The Feast’s final shot, explained
After The Feast shifts from chilly foreboding into grand guignol horror in its third act, the film dispatches the majority of the characters in memorably gruesome ways, with Cadi eventually walking away from the house, with her task completed.
In The Feast’s final shot, Cadi is seen back at the drill site where a worker perished in the movie’s opening moments. Covered in blood and visibly fatigued, Cadi suddenly turns to the camera, breaking the fourth wall for the first time. Rather than glowing with triumph as one might expect after successfully slaughtering the family that depleted her land’s resources, Cadi’s expression is forlorn, anguished. Her face continues to fall as The Feast cuts to black.
“The final moment with Cadi breaking the fourth wall was an idea that occurred to us on set as we were filming it,” explains Jones. “And, fortunately, Annes is such a brilliant actress that I think we only did one take of it, actually.”
Though Cadi has been revealed as the architect of the family’s destruction, Jones believes audiences will still be on her side by the film’s conclusion — and feel personally targeted by her cold stare, with its implication that the audience, too, has participated in ravaging natural resources.
“A whole gamut of emotions runs over her face,” he says. “Some people say, ‘How can I sympathize with her?’ But in that final moment, as she stares deep into the lens, and therefore deep into our souls, we see the true cost of what she's had to do to this family on her. And we feel the impact of their actions upon her as well. It's cost her dearly.”
Those searching for more clear-cut answers to Cadi’s anguish should consider the sixth “chapter” interstitial: “after you’ve taken everything, what will be left?” Though Cadi has achieved some measure of revenge against those who exploited the land’s natural resources, its mineral deposits have been ransacked, and no act of violence will undo that damage.
The Feast’s unused original ending, explained
Jones originally had another ending in mind for The Feast, which was still in Williams’ script when production commenced:
“There was a scene in the script at the end, in which another workman turned up and found a pile of clothes, Cadi’s clothes, on the floor.

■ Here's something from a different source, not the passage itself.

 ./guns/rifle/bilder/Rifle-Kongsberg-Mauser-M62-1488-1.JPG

He investigated these and was puzzled by these and then Cadi appeared behind him, and that was the end of the film.”
But Jones says he was “never comfortable” with this ending, which he felt strayed too far into conventional horror territory for a movie that had resisted doing so up to that point. “It seemed to me that we were just leaning into the horror there, in order to satisfy the horror fiends — which is not a bad thing, and the film does kind of go there,” he says. “But it was really important to me that we made a film that actually had something to say.”

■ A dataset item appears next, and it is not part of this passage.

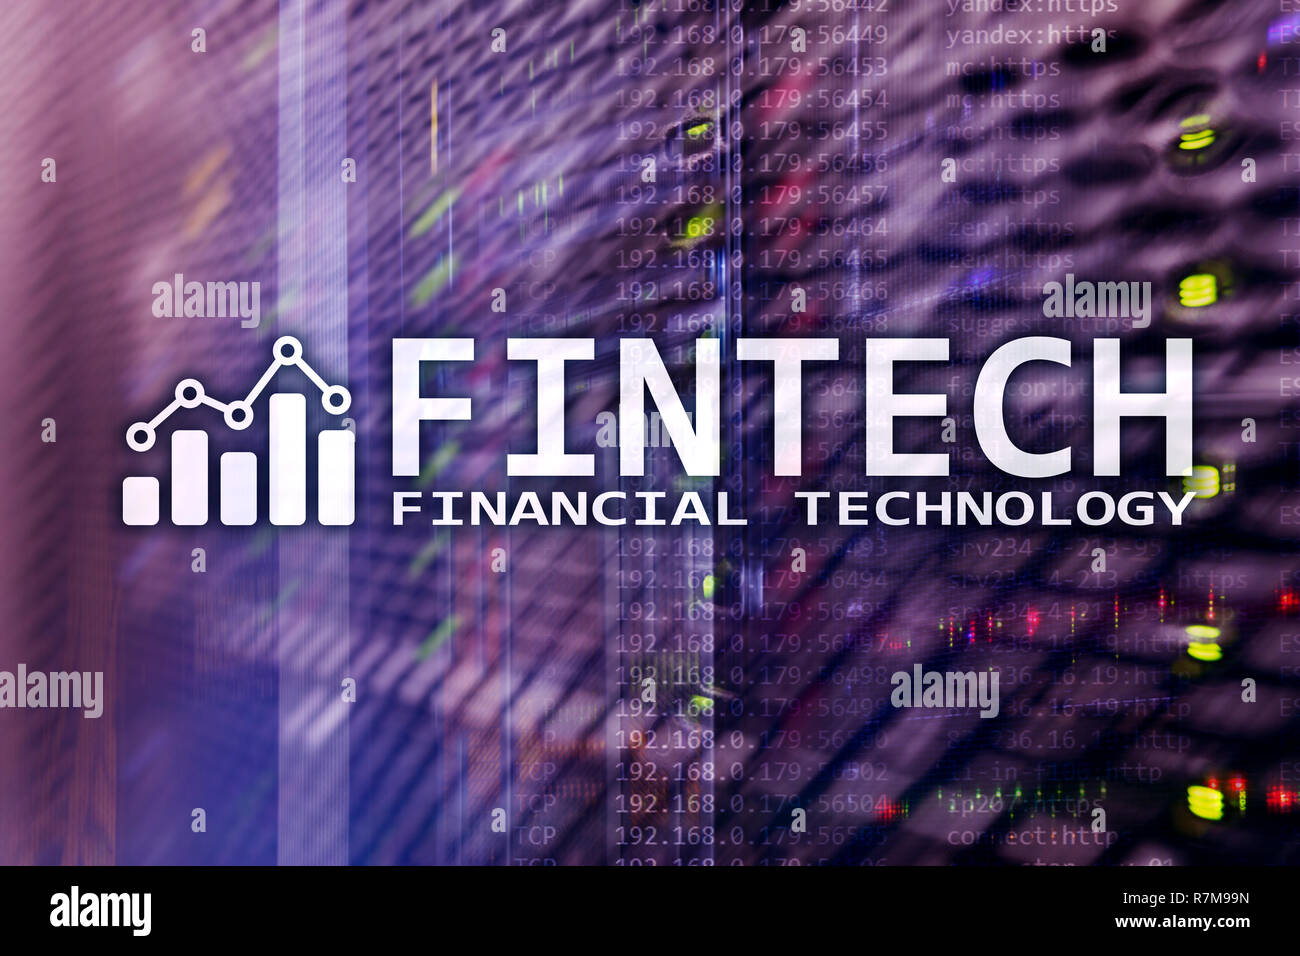 Fintech - Finanzielle Technologie. Business Solution und Software Entwicklung. Stockfoto

In channeling our anxieties around wealth disparity and ecological devastation, Jones hopes The Feast will offer audiences food for thought. “That was very definitely our intention,” says the filmmaker.
“It does demand a lot of an audience,” he acknowledges. But Jones has delivered the film he set out to make. The filmmaker says he hopes audiences will give The Feast time to marinate — and perhaps even consider coming back for a second serving.
“It's a richer experience the second time around, and you see even more the third time around,” he teases. “You know, I’m on view #1050, or something. And even I'm seeing stuff in it that has taken on a life of its own.”
The Feast is now in theaters and on VOD.